Arrigo-Reina R
Institute of Pharmacology and Pharmacognosy, Faculty of Pharmacy, University of Catania, Italy.
Agents Actions. 1990 Apr;30(1-2):210-2. doi: 10.1007/BF01969040.
The role of neural histamine in morphine-analgesia and in morphine-induced potentiation of stress analgesia was studied. Pretreatment of rats with alpha-fluoromethylhistidine (alpha-FMH) (200 micrograms i.c.v./rat; daily for five days) increased the analgesic potency of morphine, centrally or peripherally injected, in the tail-flick assay. This increase was significantly blocked by i.c.v. or i.p. beta-funaltrexamine (beta-FNA) a mu selective irreversible opioid receptor antagonist, whereas i.c.v. injected naltrexone did not block the increased analgesic potency of the i.c.v. morphine. Rats subjected to cold-restrained stress (60 min at 4 degrees C) showed increased tail-flick latency, compared to the unstressed group. The analgesic potency of morphine was significantly greater in rats subjected to restraint with respect to unstressed rats. However, the inhibition of histamine biosynthesis by alpha-FMH significantly reduced cold-restraint analgesia in controls, and also inhibited the analgesic efficacy of the opiate. These results indicate that neural histamine may be responsible for pain response modifications observed in rats subjected to cold-restraint conditions, and of morphine-potentiation of stress analgesia. The data also suggest a close association between increased analgesic potency of morphine and inhibition of histaminergic effects, possibly implying a functional supersensitivity and an increase in opioid receptors.

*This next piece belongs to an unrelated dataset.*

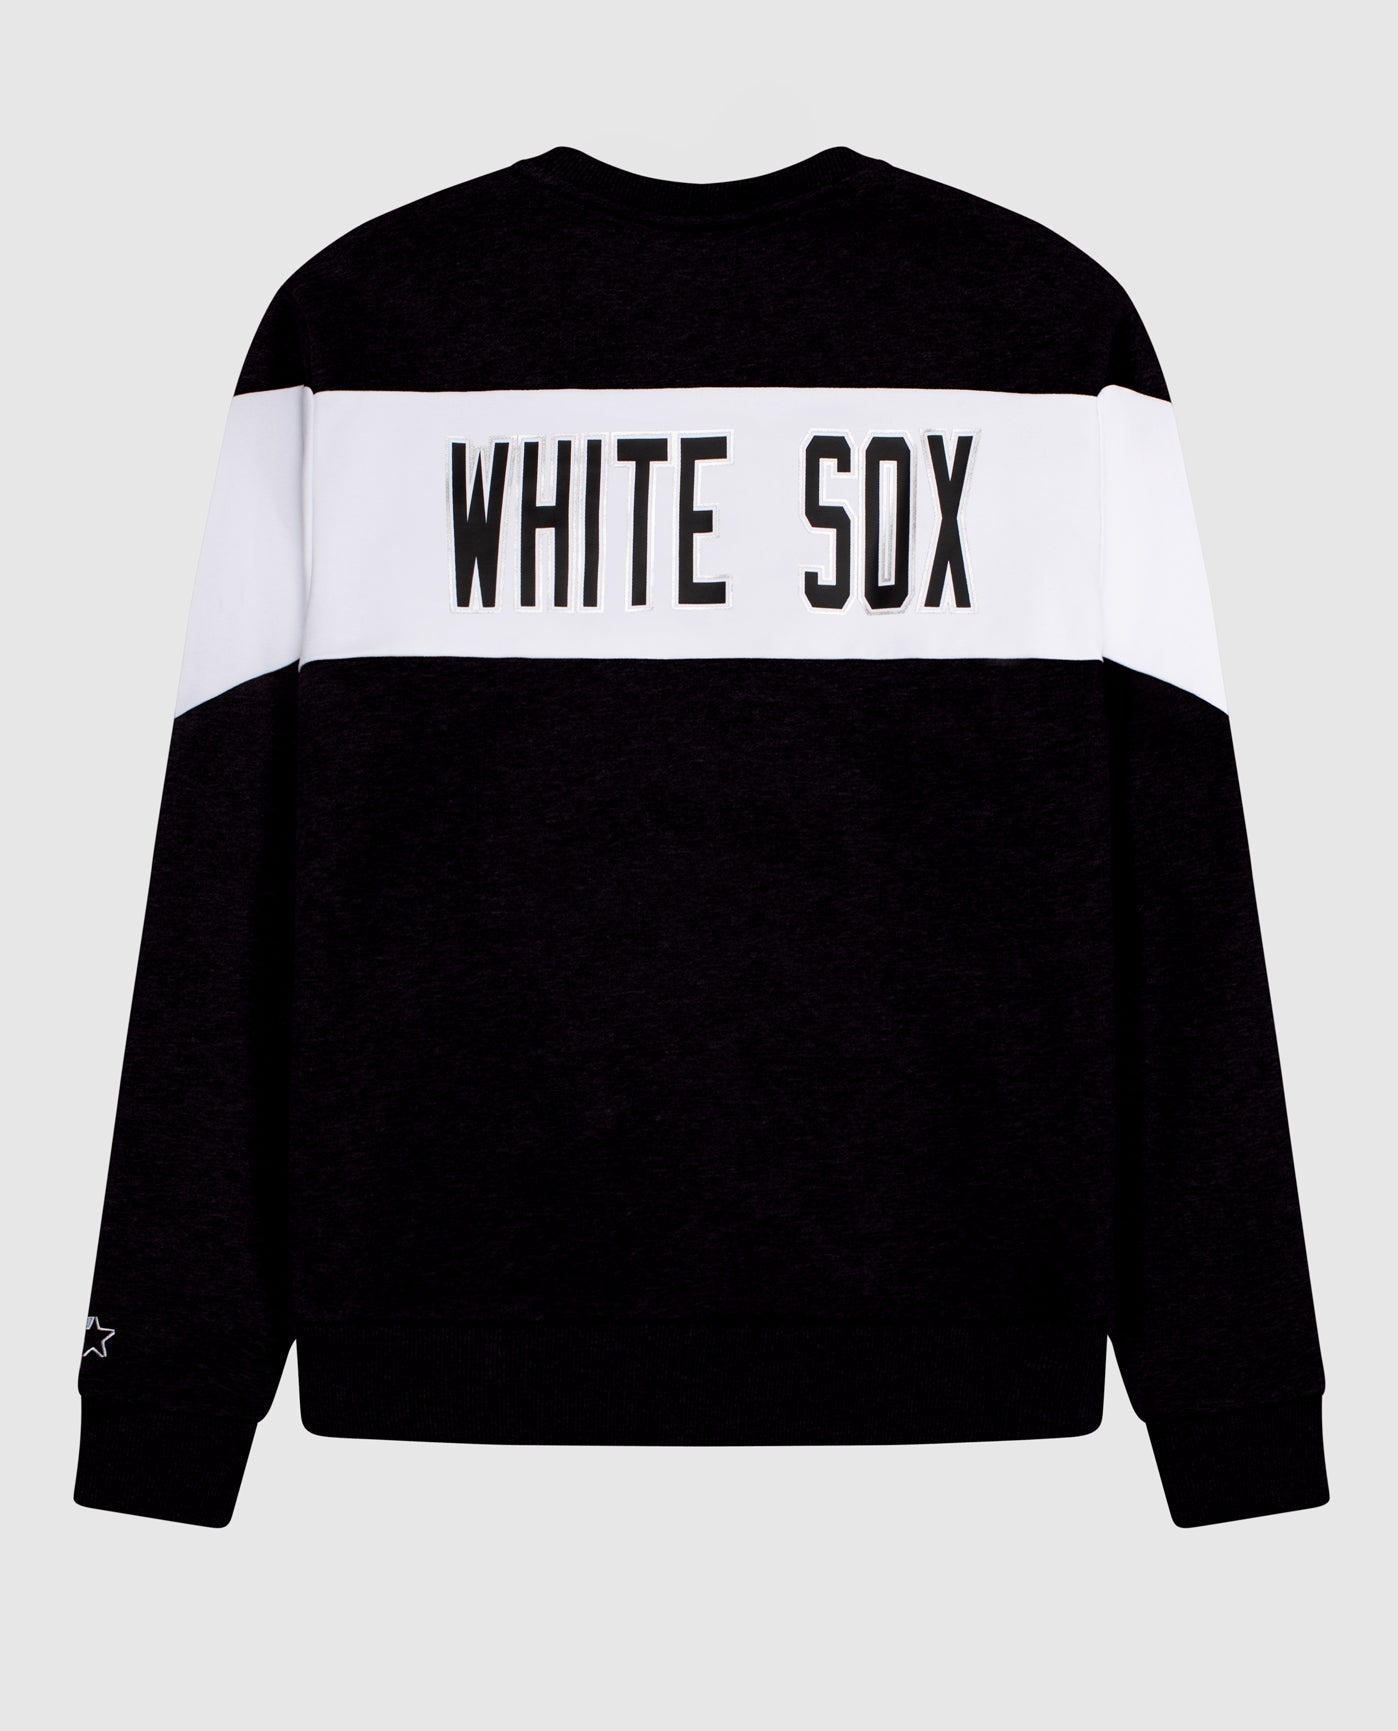 New Era Women's Chicago White Sox Black Fleece Crew Neck Sweatshirt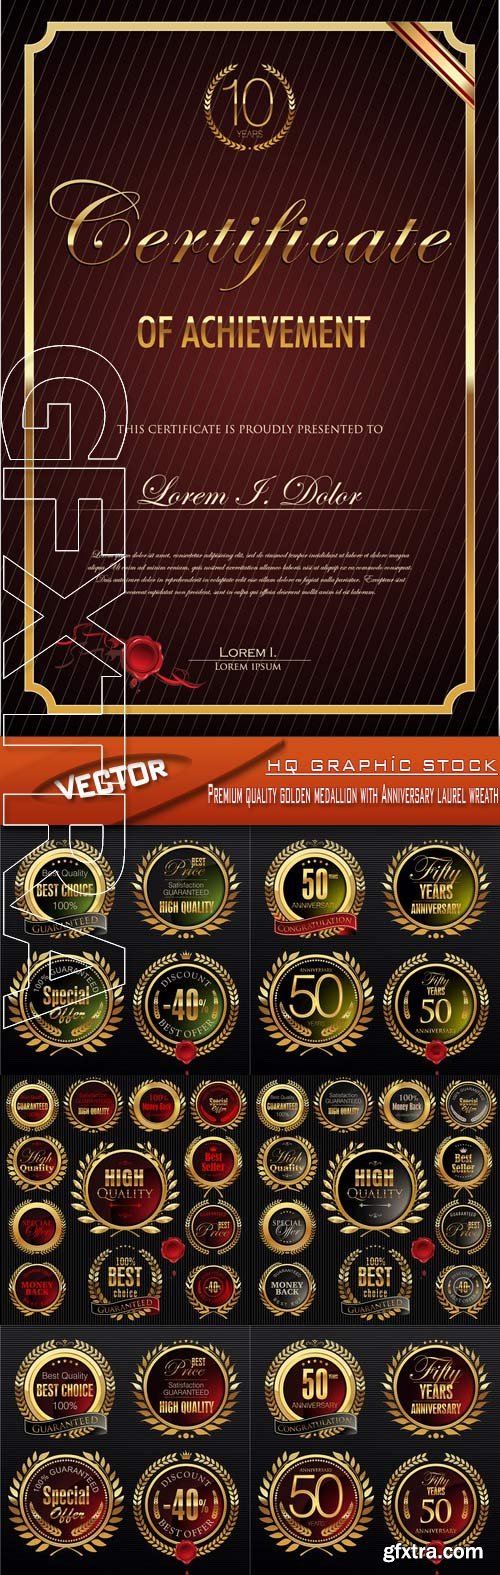 Stock Vector - Premium quality golden medallion with Anniversary laurel wreath

研究了神经组胺在吗啡镇痛以及吗啡诱导的应激镇痛增强作用中的作用。用α-氟甲基组氨酸(α-FMH)(200微克/大鼠,脑室内注射;每日一次,共五天)预处理大鼠,可增强在甩尾试验中脑室内或外周注射吗啡的镇痛效力。这种增强作用可被脑室内或腹腔注射的μ选择性不可逆阿片受体拮抗剂β-芬基曲马胺(β-FNA)显著阻断,而脑室内注射的纳曲酮则不能阻断脑室内注射吗啡增强的镇痛效力。与未受应激的组相比,经受冷束缚应激(4℃下60分钟)的大鼠甩尾潜伏期延长。在经受束缚的大鼠中,吗啡的镇痛效力相对于未受应激的大鼠显著增强。然而,α-FMH对组胺生物合成的抑制显著降低了对照组的冷束缚镇痛作用,并且也抑制了阿片类药物的镇痛效果。这些结果表明,神经组胺可能是在经受冷束缚条件的大鼠中观察到的疼痛反应改变以及吗啡增强应激镇痛作用的原因。数据还表明,吗啡镇痛效力增强与组胺能效应抑制之间存在密切关联,这可能意味着功能超敏以及阿片受体增加。